Distance ${D}_{f}$ between foci $\implies 2 c$
Distance ${D}_{V}$ between vertices $\implies 2 a$

$D = \sqrt{{\left({x}_{1} - {x}_{2}\right)}^{2} + {\left({y}_{1} - {y}_{2}\right)}^{2}}$

${D}_{f} = \sqrt{{\left(0 - 0\right)}^{2} + {\left(- 3 - 3\right)}^{2}}$
$\implies {D}_{f} = \sqrt{- {6}^{2}} = 6$
$\implies c = 3$

${D}_{V} = \sqrt{{\left(0 - 0\right)}^{2} + {\left(- 4 - 4\right)}^{2}}$
$\implies {D}_{V} = \sqrt{- {8}^{2}} = 8$
$\implies a = 4$

${c}^{2} = {a}^{2} - {b}^{2}$
$\implies {b}^{2} = {a}^{2} - {c}^{2}$

${b}^{2} = {4}^{2} - {3}^{2}$
${b}^{2} = 16 - 9 = 7$

$\implies b = \sqrt{7}$

Midpoint $M$ between the foci and/or vertices $\implies$ center $C : \left(h , k\right)$ of the ellipse

$M : \left(\frac{{x}_{1} + {x}_{2}}{2} , \frac{{y}_{1} + {y}_{2}}{2}\right)$

Using either the foci or the vertices, we get

$C : \left(0 , 0\right)$

Note that between the foci and between the vertices, only the y-coordinate changes.

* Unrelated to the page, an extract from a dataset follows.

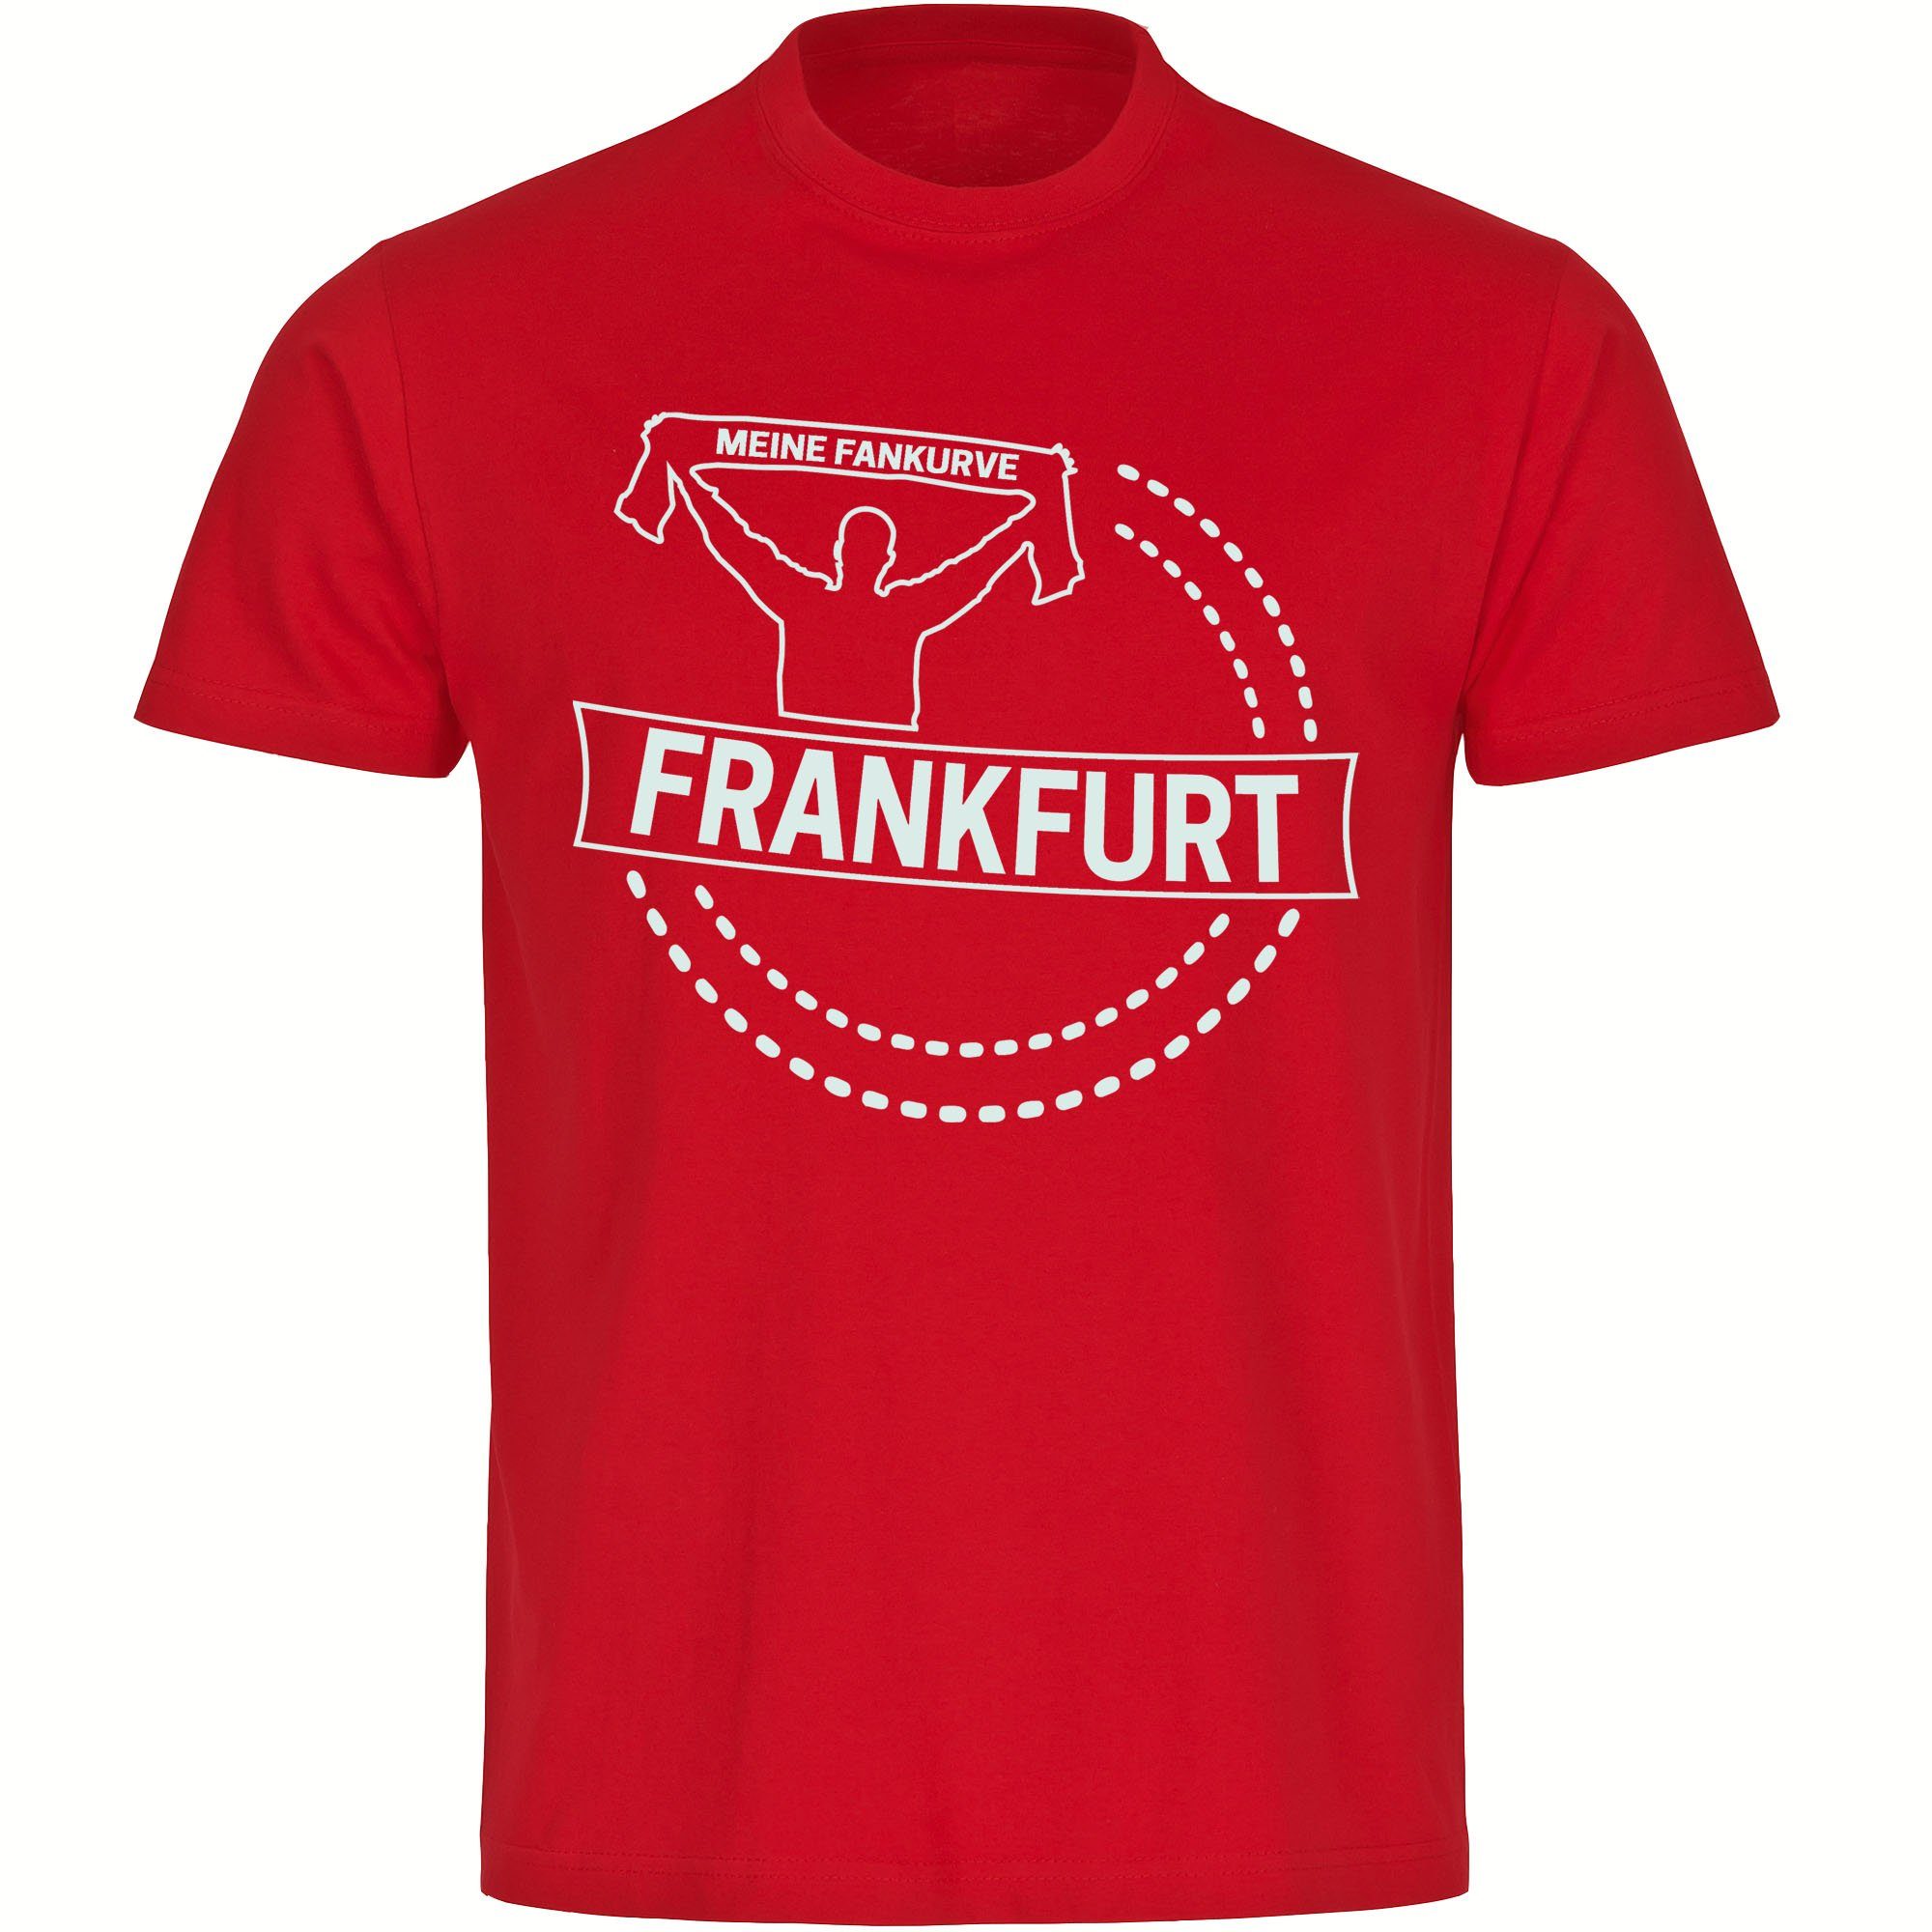 multifanshop T-Shirt Herren Frankfurt - Meine Fankurve - Männer

This means the ellipse has a vertical major axis

Standard Equation of an ellipse with vertical major axis

${\left(x - h\right)}^{2} / {b}^{2} + {\left(y - k\right)}^{2} / {a}^{2} = 1$

${\left(x - 0\right)}^{2} / {\left(\sqrt{7}\right)}^{2} + {\left(y - 0\right)}^{2} / \left({4}^{2}\right) = 1$

$\implies {x}^{2} / 7 + {y}^{2} / 16 = 1$